Digital content providers need a way to take huge corpora of text and images and enable search and visualization by end-users. It has to be fast and intuitive. Going from raw text to a user-friendly web app requires a lot of creative solutions across the data stack, including Machine Learning and Natural Language Processing (NLP).
Q: What are the most common issues you see preventing companies from realizing the benefits of Big Data applications?
A: Companies have a partial-stack development problem. They have a core competency and focus on that core competency. That yields efficiency gains. However, to be successful, they need all the other pieces of their application or their data product. Maybe they need someone that knows Machine Learning, or they need to leverage a broader set of technologies to get the most out of the data they have in-house.

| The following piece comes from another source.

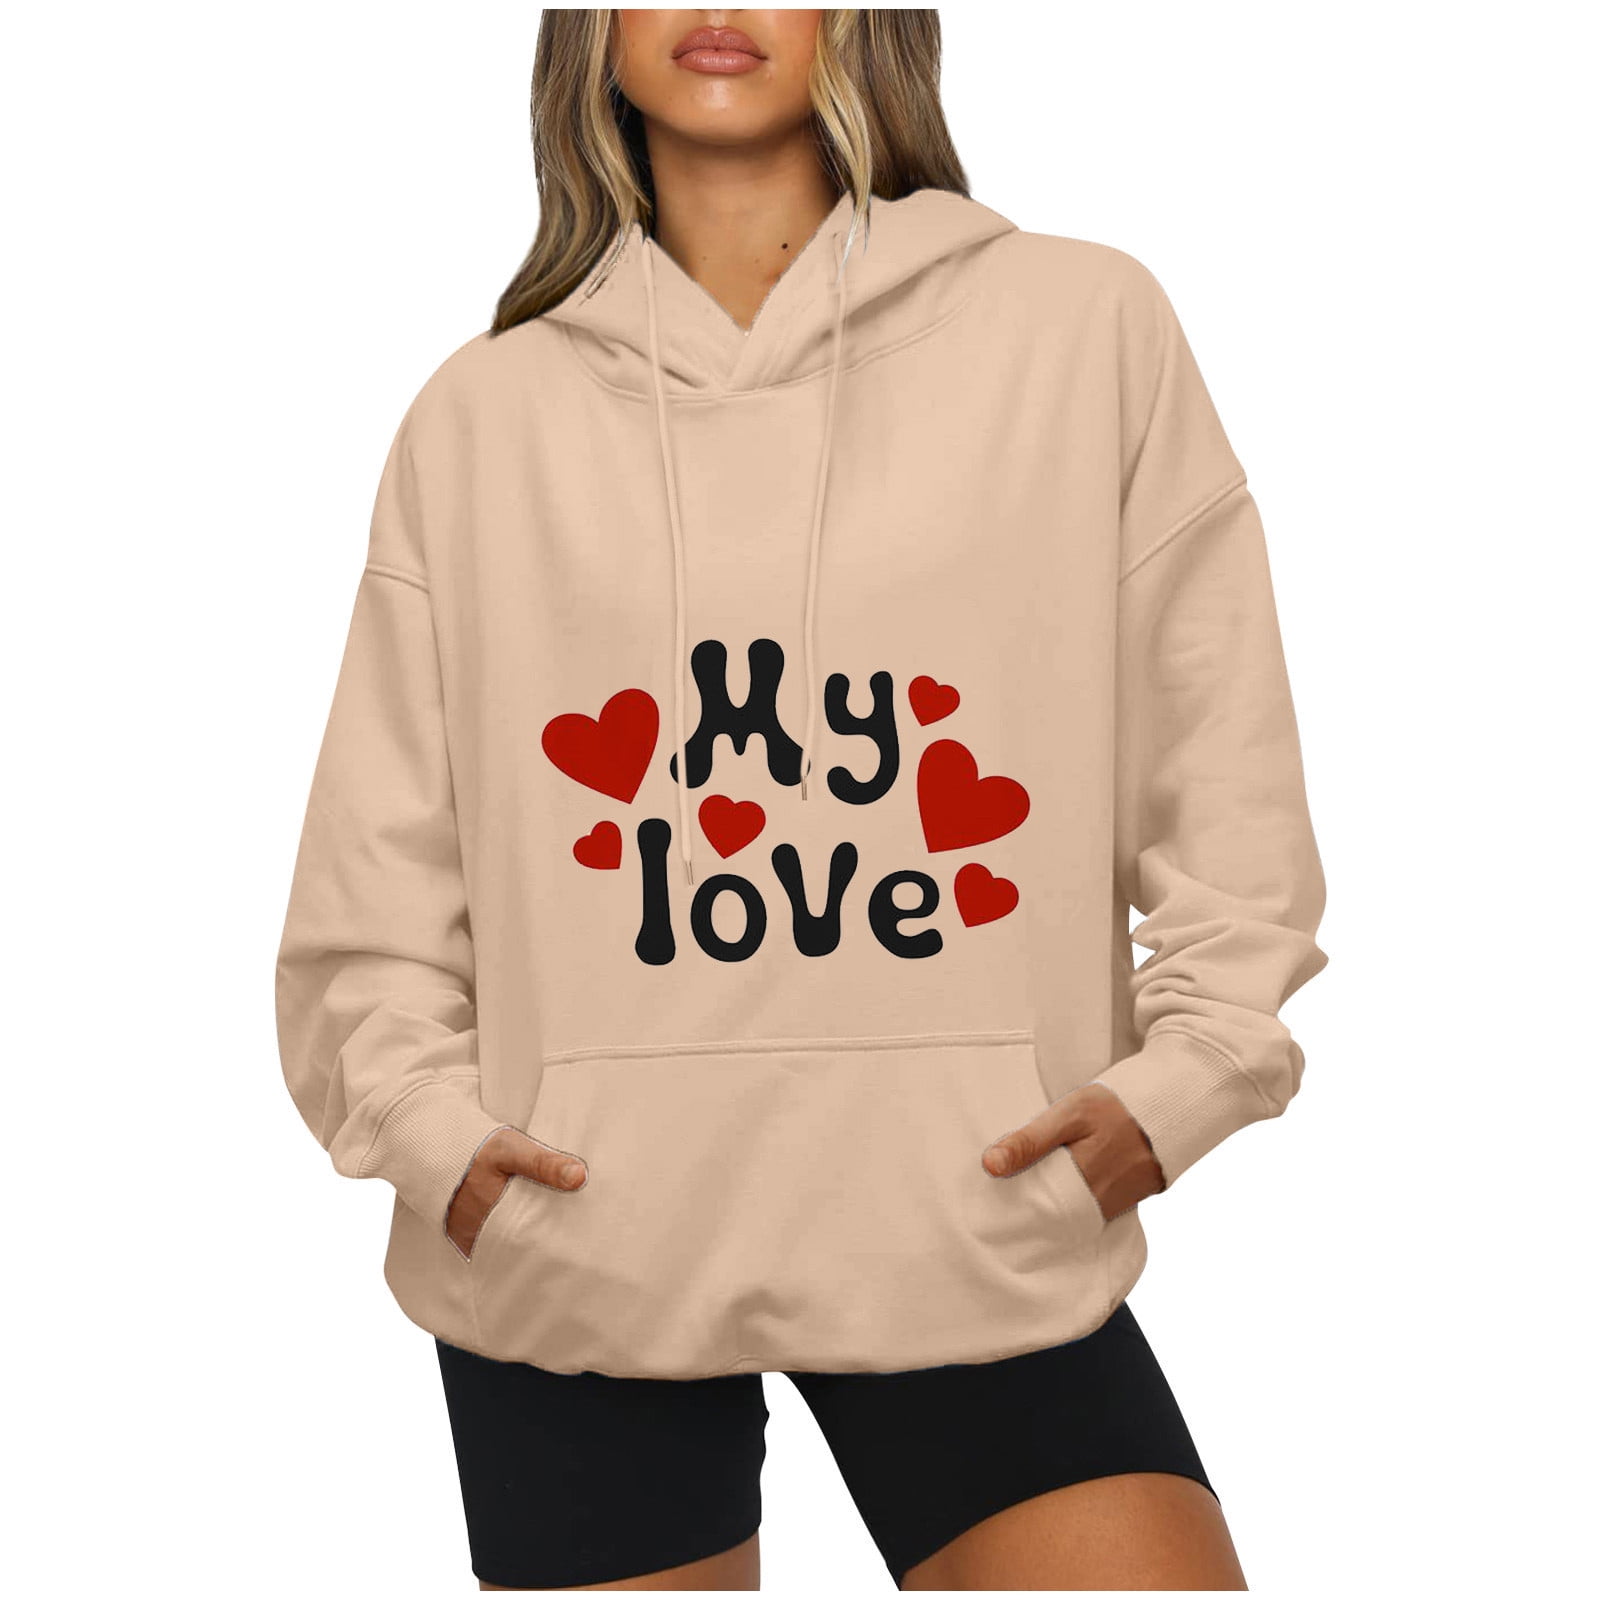 Cute Oversized Sweatshirts,Women's Fashion Love Printed Long Sleeve ...

Companies also burn a lot of resources “gluing” things together to get them released. Then, they have to take them apart to improve them. There are some heuristics to follow, but iteration is inevitable and experimentation has benefits. Lowering the cost of iteration improves an application. Companies need the opportunity to learn something new in the act of building and failing, without feeling like they’re failing.
Q: What are your biggest concerns regarding the state of Big Data application development today?
A: We use the term “science” in Data Science. However, Data Science is very different than traditional research science where you have a hypothesis, run experiments to test the hypothesis, and then have data to support your findings. In Big Data, we take data and form hypotheses after the fact, without knowing the conditions, methods, and hypotheses that led to this data set. That’s risky. We’re doing a disservice to traditional science if we don’t bridge the gap between the two methodologies. We need a more nuanced way of talking about Data Science and collaborating with scientists to realize the potential of Big Data.
Q: What skills do developers need to be successful in Big Data application development?
A: Think about how quickly you can learn new languages and get up to speed on new technologies. The Big Data landscape is changing very quickly and you have to be able to keep up with and respond to the changes. Practice learning new things to develop your own learning curve. The more practice you get, the faster you will become at gaining a new proficiency. This skill and experience will make you invaluable throughout your career.
Over the next decade, I think the ability to synthesize disparate information and data and the ability to connect technology will be in increasingly greater demand. Data scientists are semi-developers that are really good at connecting things.
Q: What have I failed to ask that you think developers need to know about Big Data application development?
A: While I’ve watched the rise of open source and the contributions of developers to the ecosystem, we haven’t discussed the ways for developers to monetize their work. They can work for a company and earn a salary. They can create open-source shareware that generates some incremental revenue. I’d like to see avenues open to developers to monetize work between closed source and open source.
As Big Data becomes a bigger force, the developers and data scientists that created the magic algorithms that yielded value from all this investment are at a risk of losing out. Most of the time, they’ve already given up their intellectual property to their employer or they’ve open-sourced their work. I’d like to see monetization avenues that enable retention and compensation for intellectual property — not just for execution and services.